The element of holiness is observed by many through the formality of the language in the rendering of Ang Biblia.  This formality is supported by retaining the literal rendering of may agwat na isang itsang bato ‘about a stone’s throw’; archaic forms in nanikluhod; sarong ‘cup’; gayong and kalooban archaic forms.  But this formal way is not the way the young people speak.

Magandang Balita Biblia  (MBB) 2018

Iniwan niya sila at pumunta sa di-kalayuan at doo’y lumuhod at nanalangin.  Sabi niya, “Ama, kung loloobin mo, ilayo mo sa akin ang kopang ito, ngunit huwag ang kalooban ko ang masunod, kundi ang kalooban mo.”

In this rendering of MBB, the words ama ‘father’; kung loloobin mo ‘if you will’ and  huwag ang kalooban ko  ‘not my will’; make the translation sound formal. They are words not used in a casual or informal conversation. 

Pinoy Version 2018

Iniwan nya sila, lumayo nang konti bago lumuhod at nag-pray, “Tatay, please, kung pwede po, wag ko nang maranasan ang paghihirap na to. Pero dapat mangyari ang gusto mo, hindi yung gusto ko.”

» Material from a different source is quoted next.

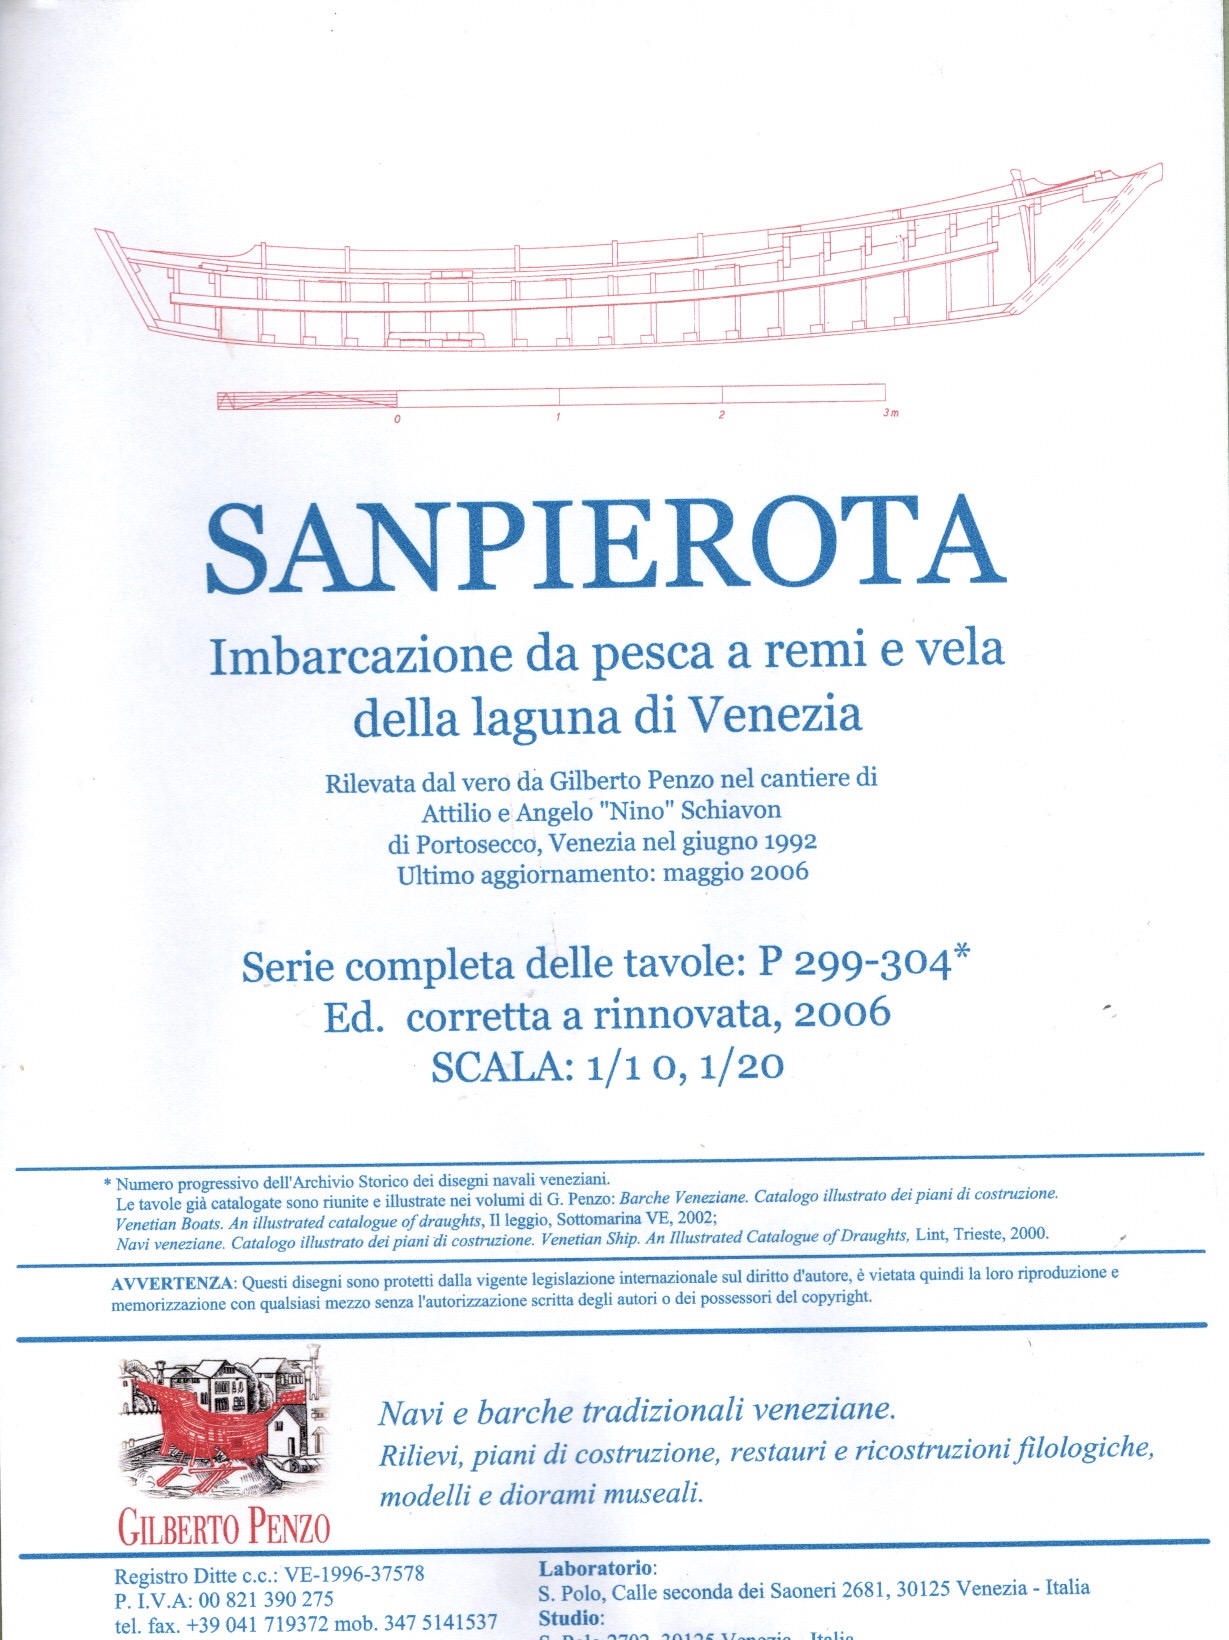 Sanpierota - Piani modellismo- 1:10, 1:20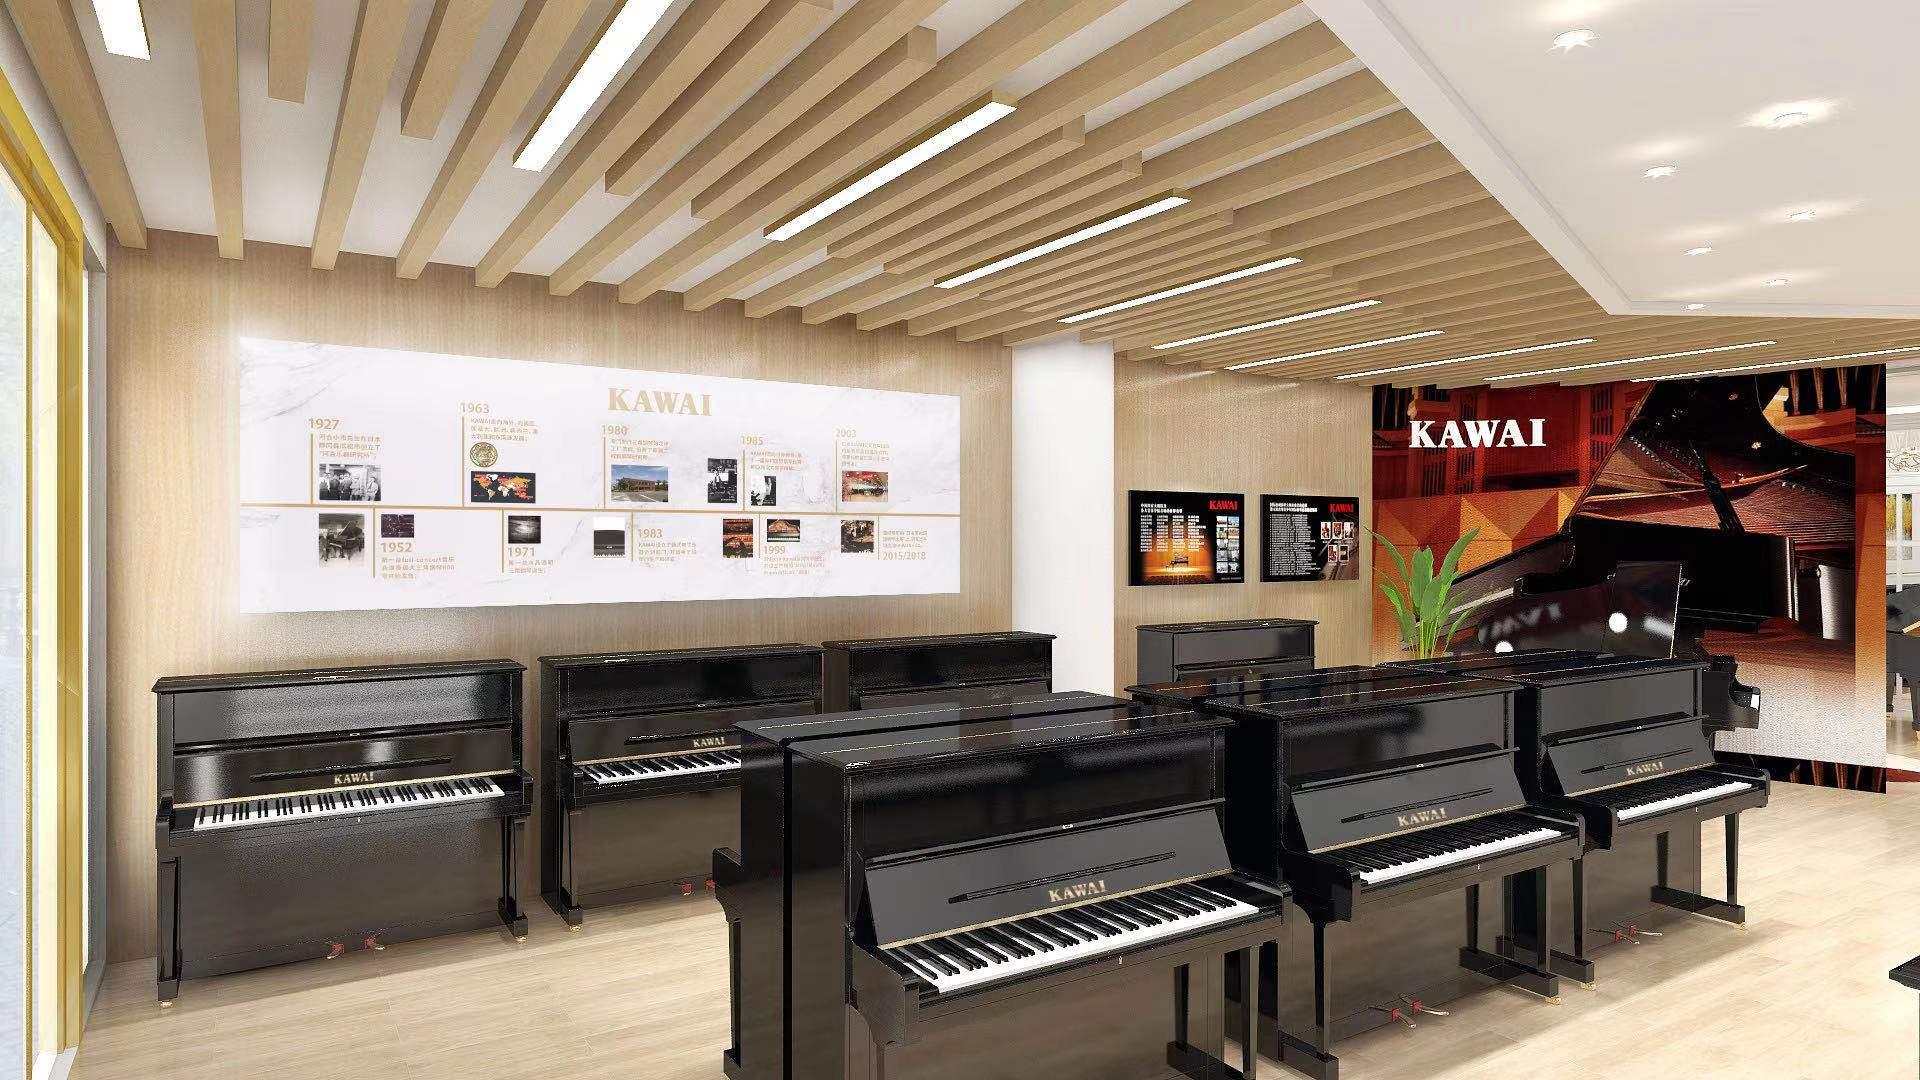 新店开业丨阜阳市区最大的钢琴专卖店kawai卡瓦依钢琴阜阳专卖店盛装

Terms used in an ordinary conversation are: tatay instead of ama; konti rather than di-kalayuan; nag-pray instead of nanalangin; pwede instead of kung loloobin mo; gusto mo instead of kalooban mo.  These words have the same corresponding terms in the Ang Biblia and MBB.  The same meaning of holiness is expressed in a different way, in an informal way. This is the meaning of casual or informal rendering but within the bounds of reverent language.

Our Continuing Commitment

The goal of PBS is for all Filipinos to read the Bible and encounter God in a meaningful way.  If a Bible translation is difficult to understand, people will not read it.  So, it has to be easy. It can be easy if it captures the way people naturally speak. Many Filipinos have reached a stage where many times, the most natural way to speak is to use a heterogeneous language.  For many young Filipinos, there is now a gap between the way people speak and the way Bibles are written.  The Pinoy Version New Testament wants to bridge that gap to serve the Scripture requirements of this young generation.  The Pinoy Version New Testament uses the language young people use everyday.  As a result of all these, the language may sound informal.  But the element of reverence in the Pinoy language is maintained in spite of the informality. 

The PBS is committed to serve the Scripture requirements of all Filipinos. We are committed to provide all Filipinos with translations that continue the legacy of the early Christians and the succeeding generations of believers who transmitted to us God’s Holy Word.  We will continue to provide you with translations that are faithful and meaningful, but also reverent and responsive to the needs of every Filipino, especially during this time of global pandemic. May God’s Word continue to heal, restore, and unite us all.  We also enjoin everyone to pray for PBS, that we will always live by our divine mandate. God bless us all!